Installing a node is now incredibly simple, although you'll have to work
pretty hard the first few times to get it all to work and then to tune
it up. Build a node kickstart file (there are tools to help, howtos to
help, examples on the web to help) and put it on a path like the one
above (doesn't have to be the same, just web-retrievable from the
server by the nodes). Turn on the node. Enter its bios (if necessary)
and tell it to boot FIRST from its PXE-enabled NIC. Reboot. Look on
the server logs after it has initialized its network (or look on the
screen as it boots) and record its MAC address. Add it to the
dhcpd.conf on the master and restart dhpcd. Reboot the node. When the
PXE prompt appears with your message saying something like "type
fc4-i386 (kickstart) or fc4-i386-manual (for manual install) or will
boot from local disk in 10 seconds" enter "fc4-i386".
If you are lucky and have done everything right, zowee, the node goes
and just plain installs itself! If you've cleverly told it to ignore X
and video configuration and built a nifty post script that it grabs in
the final stages of the ks install from the master via the web that it
executes to e.g. set up fstab, passwd, and so on, you can actually move
on to the next node while it installs and have IT installing in parallel
two minutes later (your node won't need a monitor or keyboard any more).
Once you've done this ONE TIME for every node, you can reinstall your
entire cluster by basically just -- rebooting it, even remotely from far
away after making a tiny change to the node /boot/grub/grub.conf files
telling it to reboot into kickstart/install instead of from the local
kernel image on the next boot.
Which is good, because now you get to login to the nodes from the master
and tinker with their kickstart files and post scripts to get this all
right, because it won't be at first. But NOW every bit of effort you
expend isn't wasted and every bit of progress you make has to be made
just once. When the kickstart image and post are "perfect", the server
is set up and happy, and you've learned all this stuff, then life is as
good as it gets as far as scalable automation is concerned.

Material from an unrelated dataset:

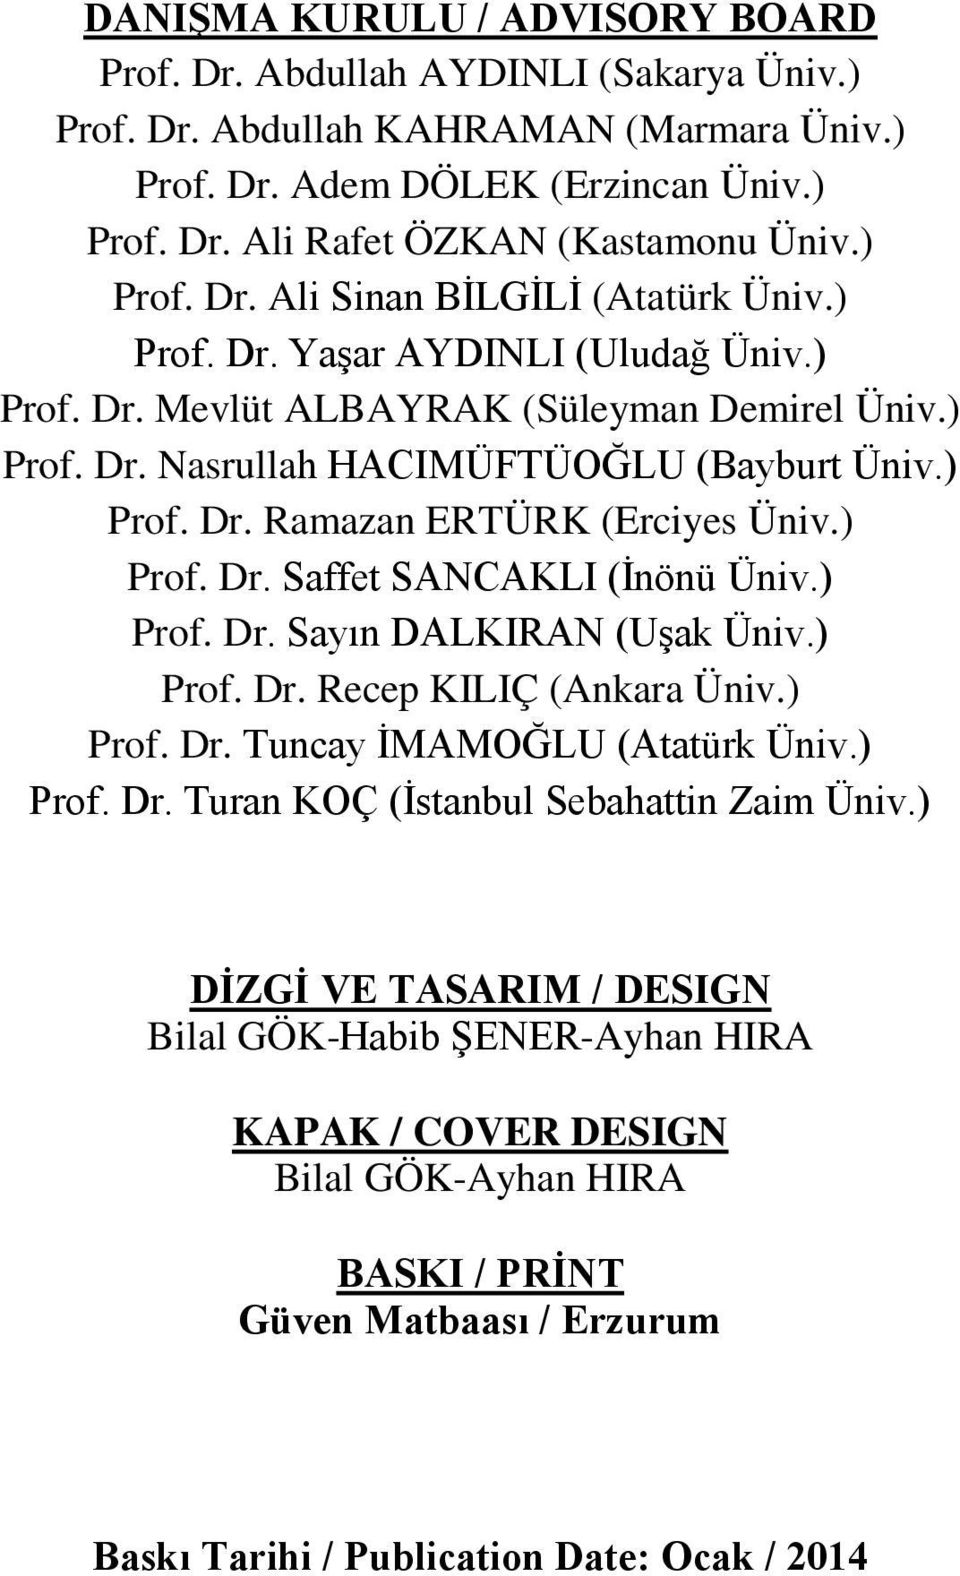 ) Prof. Dr. Saffet SANCAKLI (İnönü Üniv.) Prof. Dr. Sayın DALKIRAN (Uşak Üniv.) Prof. Dr. Recep KILIÇ (Ankara Üniv.) Prof. Dr. Tuncay İMAMOĞLU (Atatürk Üniv.) Prof. Dr. Turan KOÇ (İstanbul Sebahattin Zaim Üniv.

Finish off the nodes with a yum update, ideally modifying their repo
lists so that your OWN server is their default yum repo and it falls
back on remotes only when for some reason they can't reach your master,
which should be "never".
This isn't an endorsement of FCX by the way -- the same methodology will
work for LOTS of distros including probably SuSE but I just don't know.
A similar methodology also supports booting the nodes fully diskless,
but with all that node disk why bother?
Put the install on the 120 GB disks. Take the 200's out and give them
to the head node (see below) to build your terabyte RAID.

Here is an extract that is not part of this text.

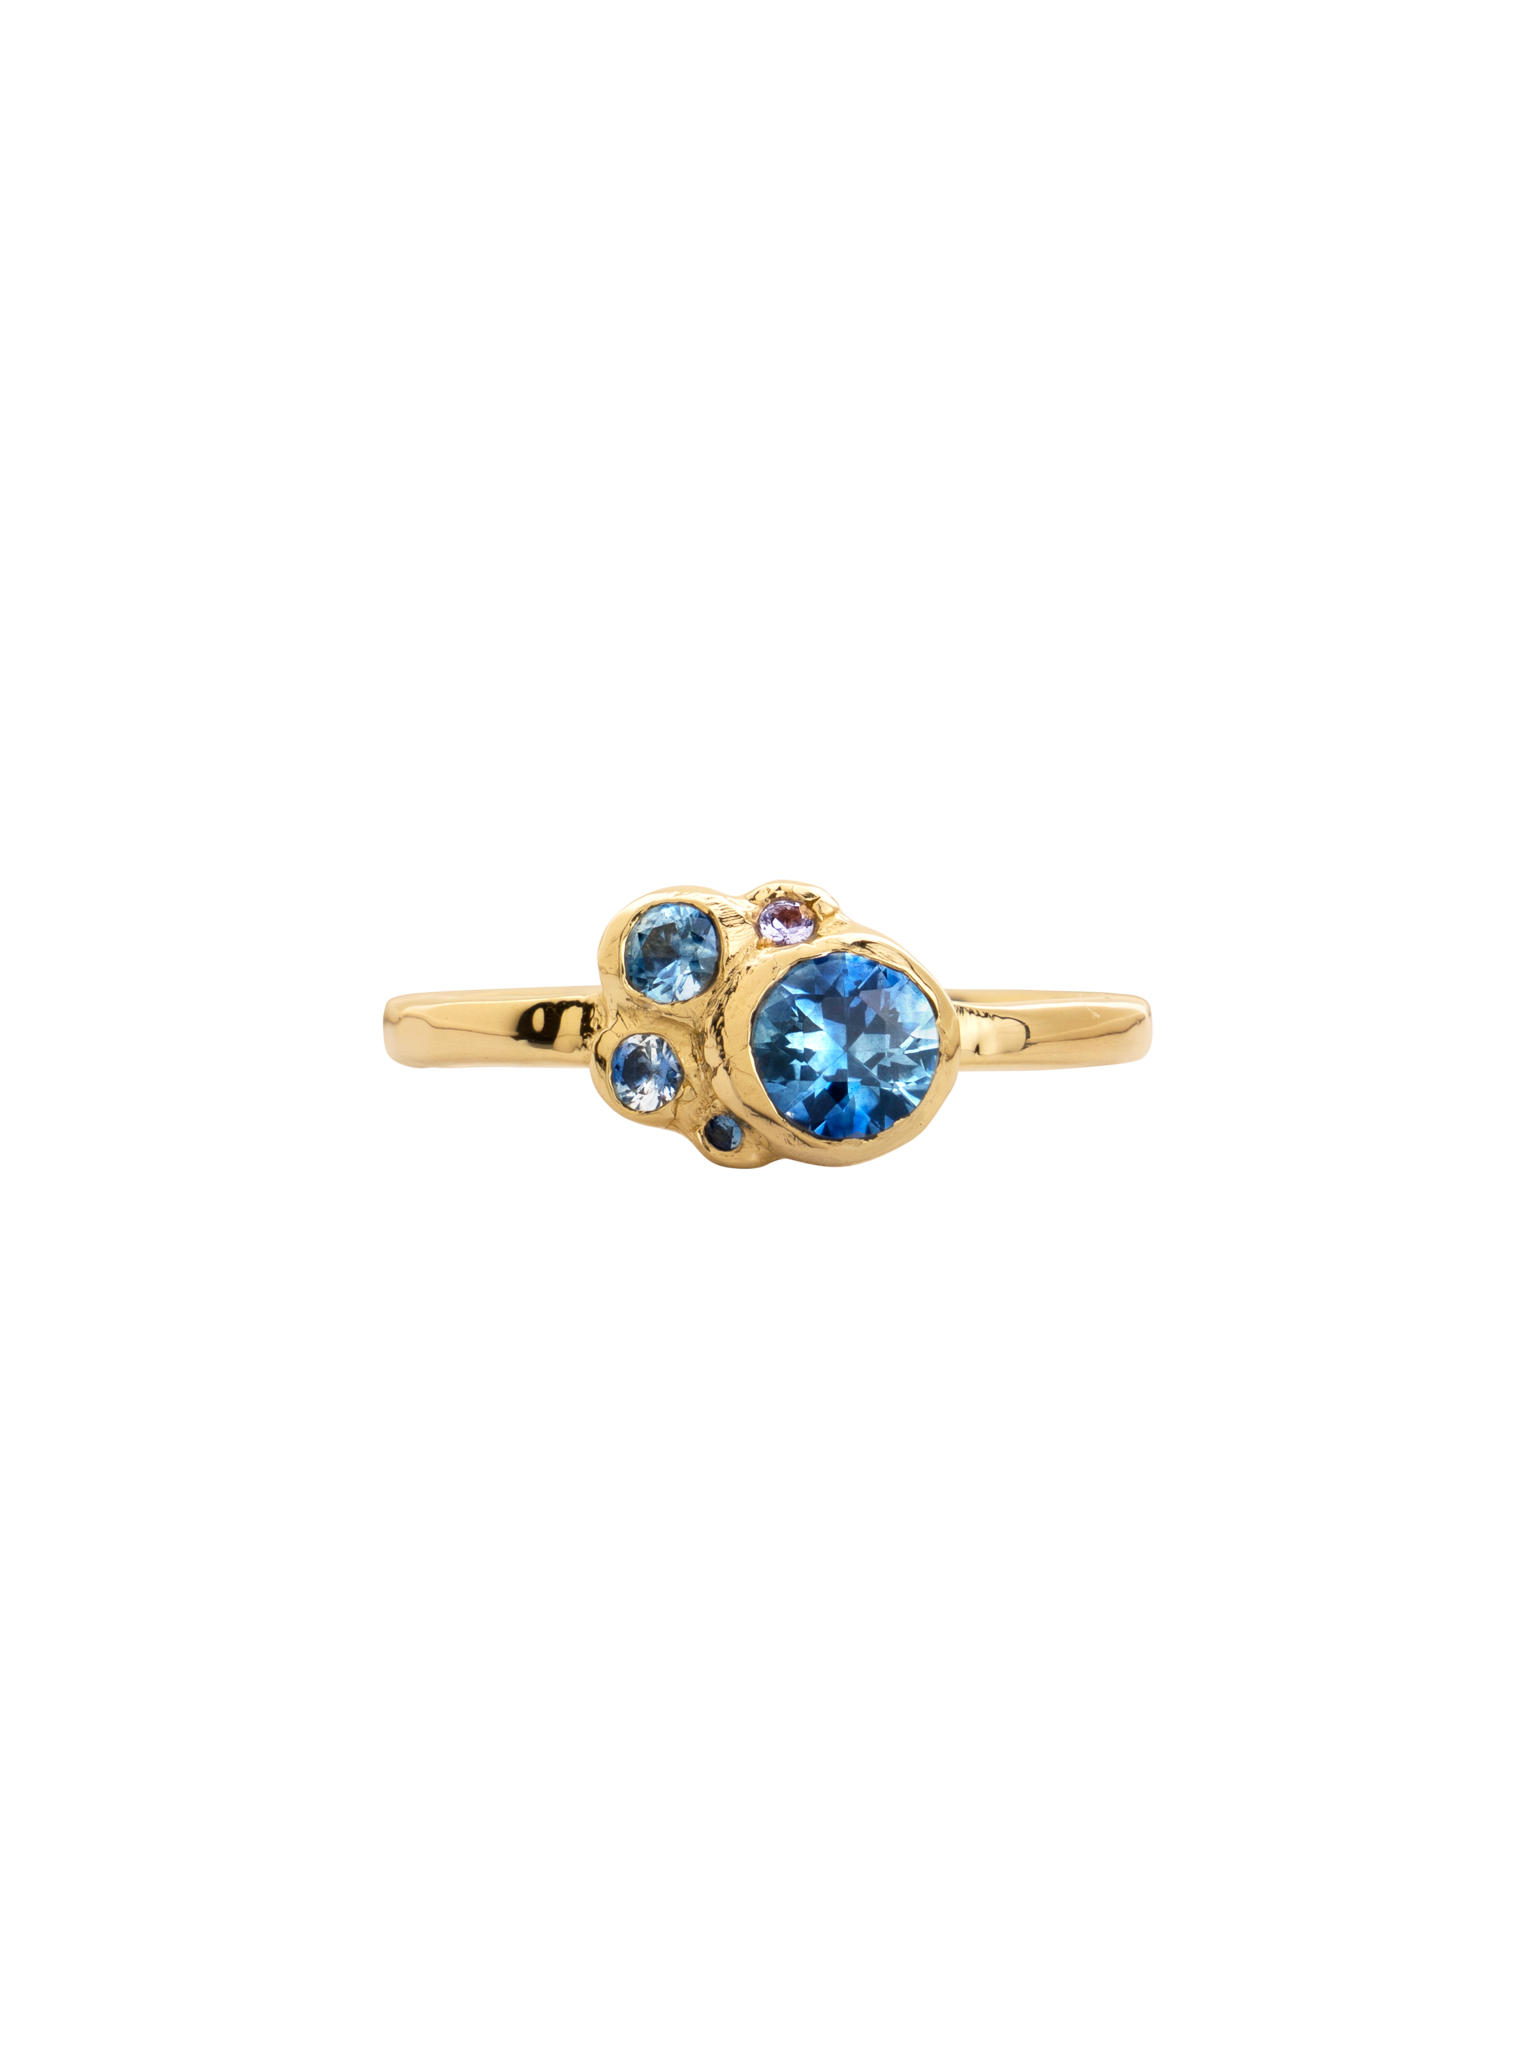 Harmonia sapphire ring

BTW, if you use ssh as a node access protocol (recommended unless you
have some serious reason not to) you'll likely want to back up the node
/etc/ssh directories after the first install and store them where they
can be put BACK on the nodes as a step in the post script. Be careful
how you do this -- the private keys are not something to leave on an
open website. I usually set up root for passwordless ssh across the
cluster to facilitate administration (if they crack root on the master
they own the cluster anyway, right) but be careful how you distribute
/root/.ssh across the cluster ditto, those private keys are then REALLY
not something to be left around.
> 3 Whatever software I install on the master should be available on the
> nodes too (I guess this is possible either with NIS or NFS). Here too
> some help!
NFS export user workspace from the master. In fact, consider snitching
three SATA drives from nodes (that don't really need them, probably) and
putting them onto the master, and setting up the master as an md raid
host serving 600 GB in RAID 5. That way you'll get decent reliability
AND a bit workspace on each node. Stack up the other node SATA disks as
spares. Install on the smaller 120 GB IDEs, if you don't really "need"

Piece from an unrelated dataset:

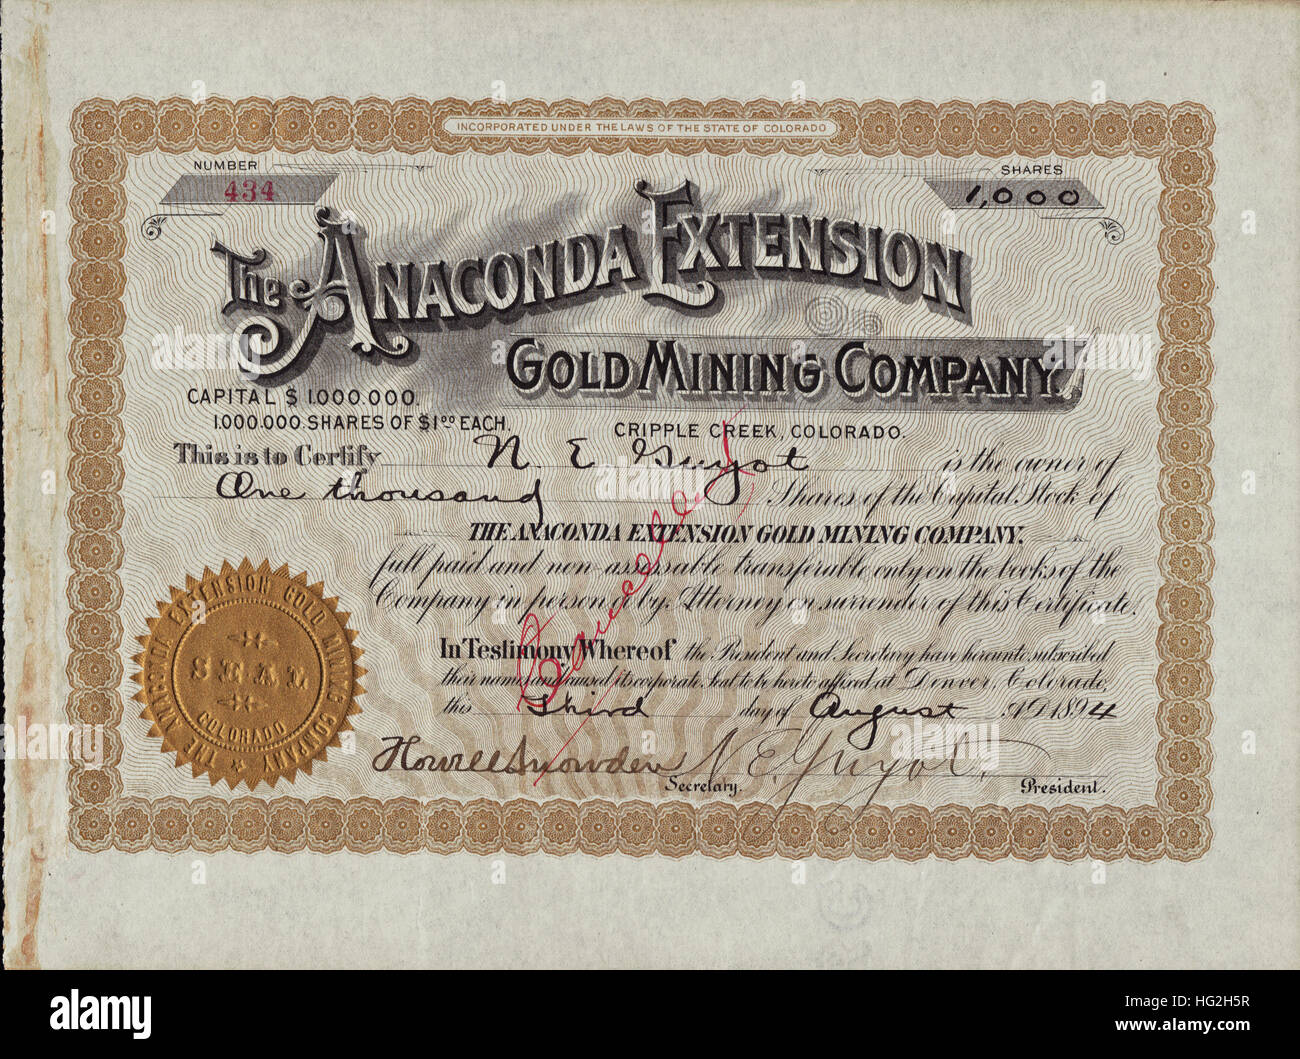 1894 Anaconda Extension Gold Mining Company Stock Certificate - Cripple Creek, Colorado - USA Stock Photo

lots of space on the nodes. If you have or can buy a BIG enclosure and
another interface for the server, you could even put more drives into it
and really run a big RAID indeed. You've got a potential terabyte-sized
RAID 5 disk server there WITH enough identical spares that you'll
probably never run out during the lifetime of the cluster!
NIS is (as noted above) very probably a good idea. It adds a bit of
overhead to certain classes of parallel problems (it cost an NIS hit to
stat a file, so file-stat-intensive activity and certain other kinds of
activity can be relatively inefficient if you use NIS unless you tune).
For so small a cluster, if you have a small, static user base you can
also just rsync /etc/[passwd, shadow, group, hosts] to the nodes.
> 4 I should have no need to propagate my executable to all the nodes
> manually to run a parallel job. I guess it should be possible if 3 is
> possible.
Trivial and there are lots of ways to do it including plain old scripts.
Look into e.g. SGE. Also look into warewulf, which should load on top
of just about any distro you install when you figure it out and which
has lots of cluster packages prebuilt and ready to fly. Or other
cluster distributions. They'll install similarly but automate some
parts of the above for you. Even plain old FC4, though, contains PVM
and LAM MPI out of the box (and obviously supports ordinary networking).
That more than suffices for a whole lot of cluster work, especially on a
"starter" cluster. You can tune, add different MPIs, try different
schedulers and monitoring tools and so on later as required.
> 5 All the nodes should be able to store data on the drives attached to
> them Storage is very important.
Well, ok. Consider the RAID solution outlined above, though. If
storage is important, so is backup (usually) and you don't have any.
RAID on the server is at least one level of redundancy; you need to add
a tape to the server and you have a second level. If storage is
important, you really need to think about it BEFORE you buy your
hardware and think hard about how to set it up for reliability and
backup and speed. Node local disk is fine, though, if you do need it.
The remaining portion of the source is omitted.